In summary, it is obvious that the step-by step approach does not easily fit into the Fixed Payment financial model. It naturally fits with the cost plus model, but that does not itself accord with the  current economic orthodoxy.

Large Software Project Failures

The failure of software projects has become a high profile issue. A recent example is the trouble that the Child Support Agency has experienced in the implementation of their software projectiv. In 1999, the Select Committee on Public Accountsv considered 25 large public software projects, which have failed seriously over the previous decade. They included

  • The United Kingdom Passport Agency
  • The National Insurance Recording System (NIRS)
  • The Immigration and Nationality Directorate Casework Programme
  • Benefits Agency: Jobseeker’s Allowance
  • Crown Prosecution Service
  • The Hospital Information Support Systems Initiative
  • Northern Ireland Vehicle System Replacement Project
  • Inland Revenue-Pay and File

Readers of the computing press and now even the broadsheets can name other projects that have failed, been cancelled or are seriously late and over budget: London Ambulance, DVLA, Air Traffic Control,  etc. Large successful software projects are more difficult to identify.

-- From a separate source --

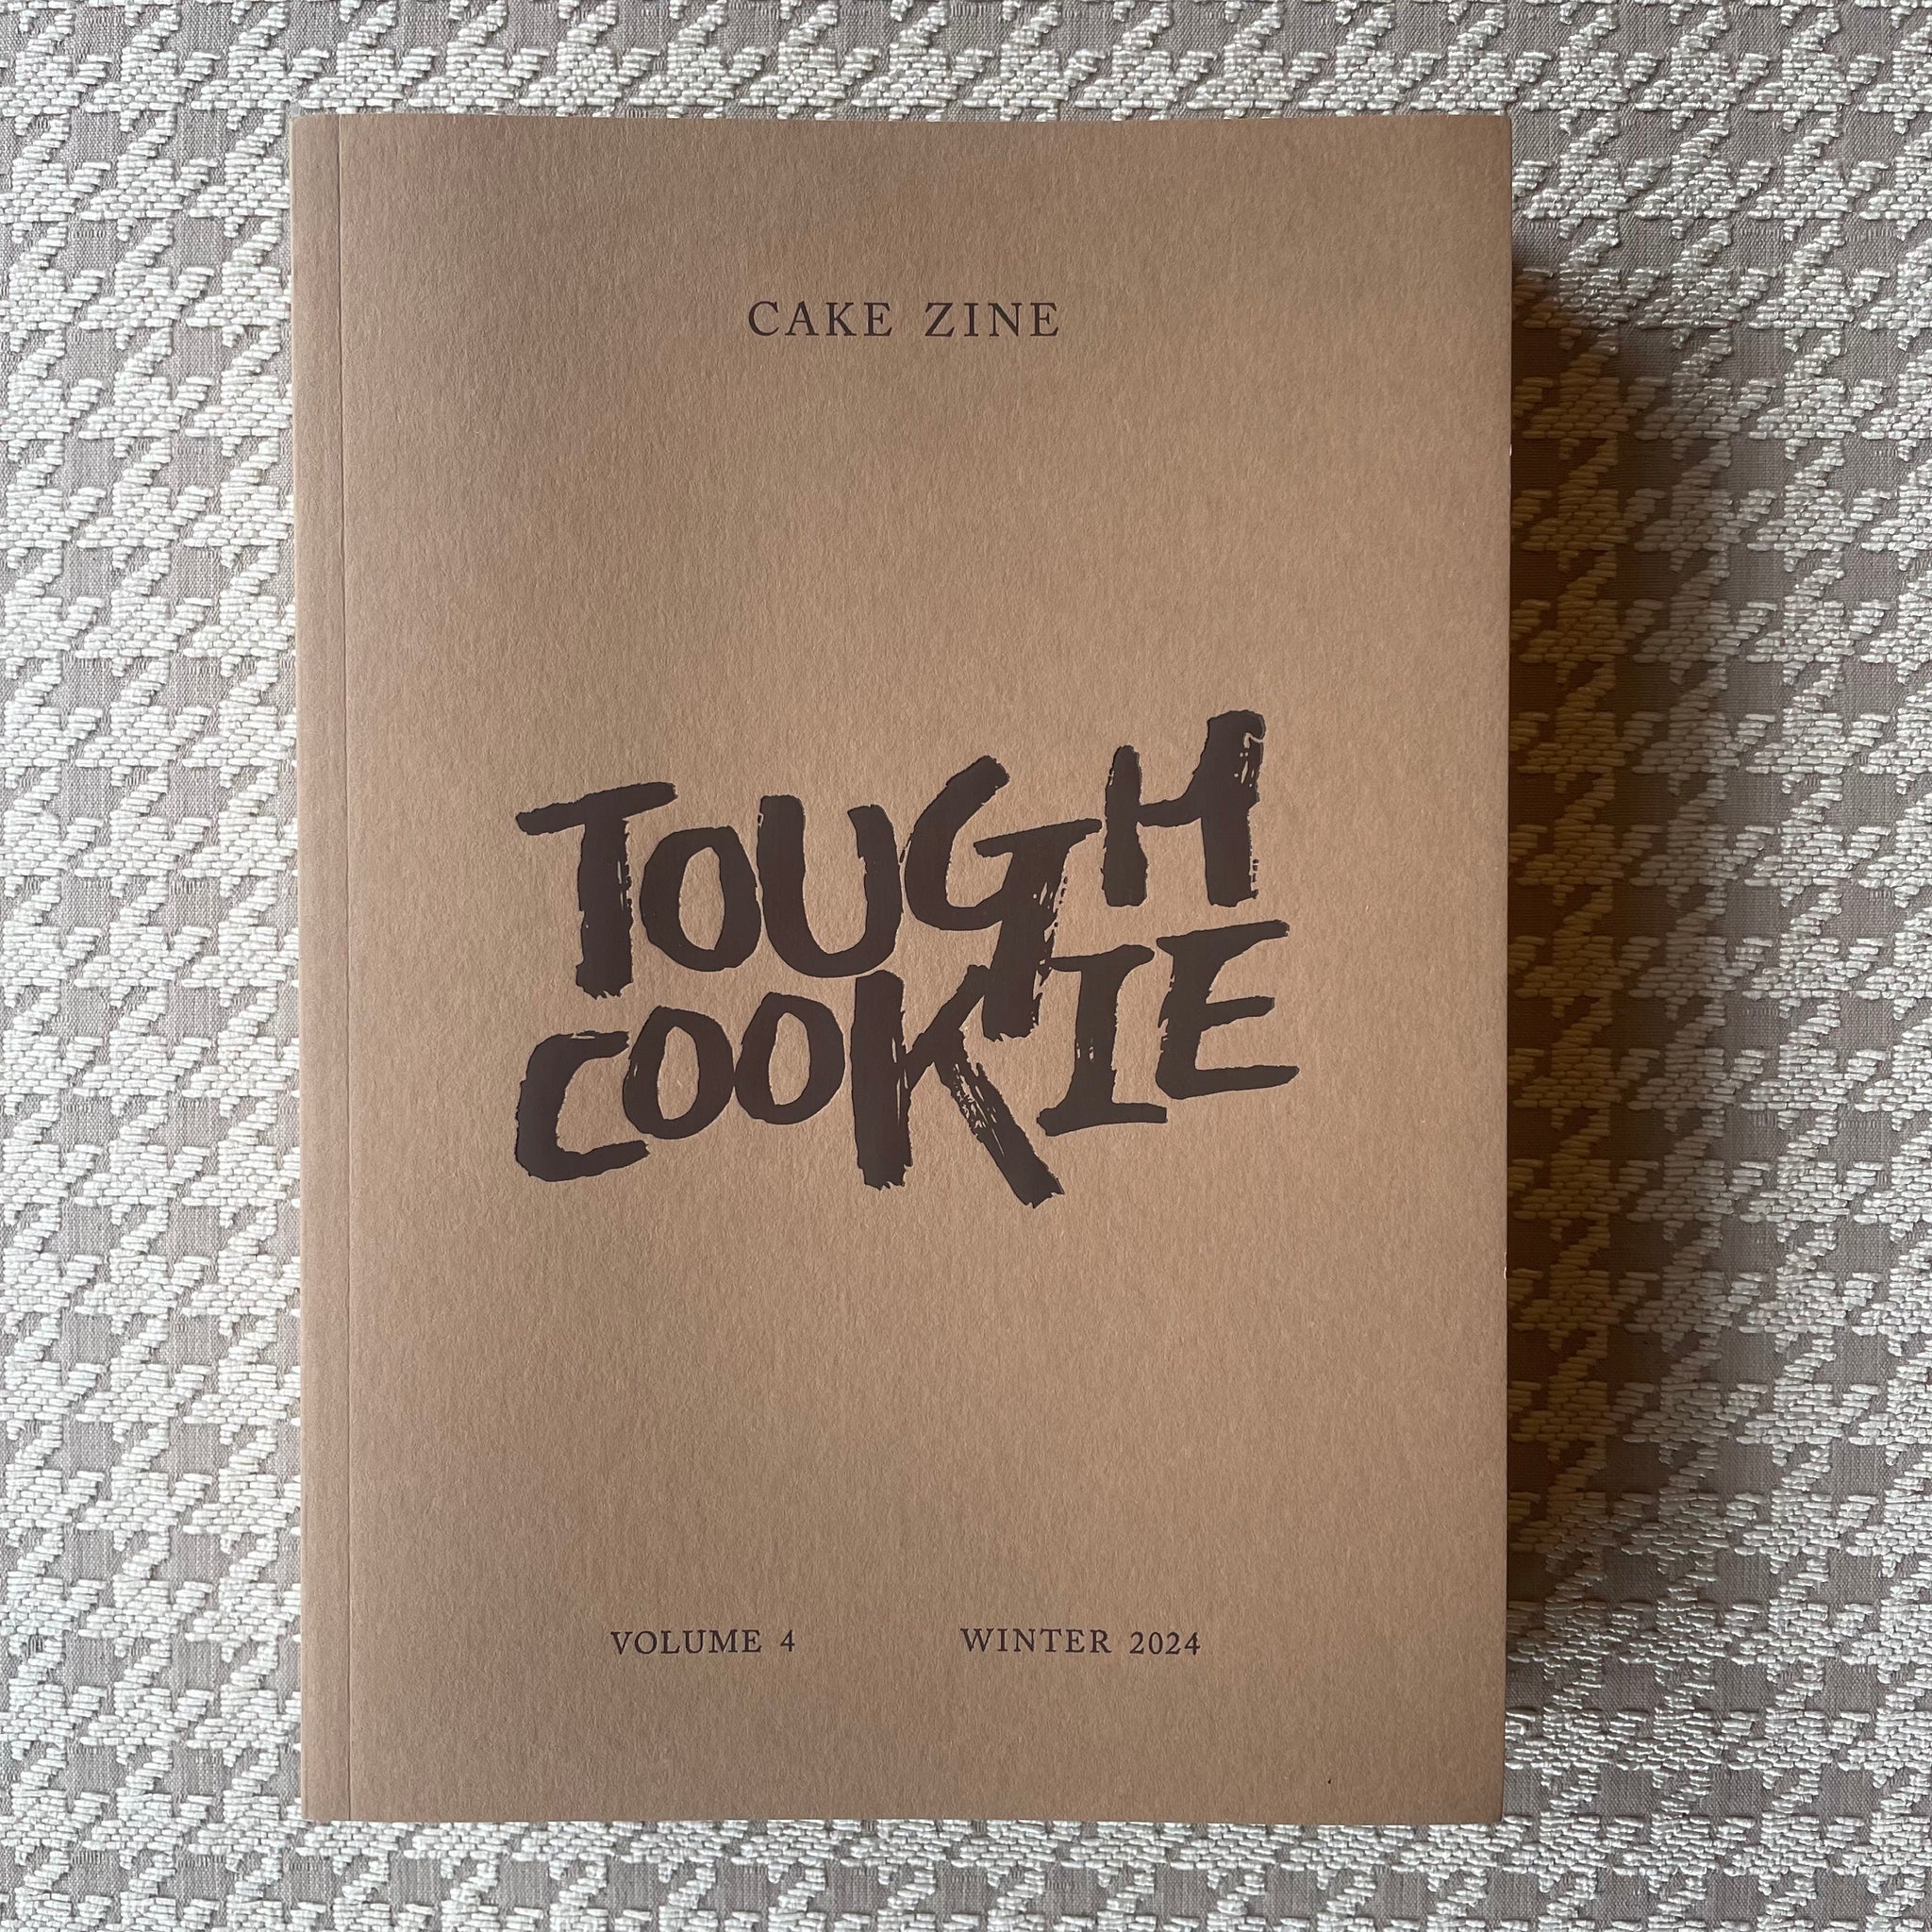 Cake Zine : Tough Cookie Books cake zine

In the United States, the situation is much the same but there, more systematic work has been done in recording the failures. The CHAOS report in 1994vi by the Standish Group, which surveyed a sample  of 365 respondents and representing 8,380 applications, says

The Standish Group research shows a staggering 31.1% of projects will be cancelled before they ever get completed. Further results indicate 52.7% of projects will cost 189% of their original estimates. The cost of these failures and overruns are just the tip of the proverbial iceberg.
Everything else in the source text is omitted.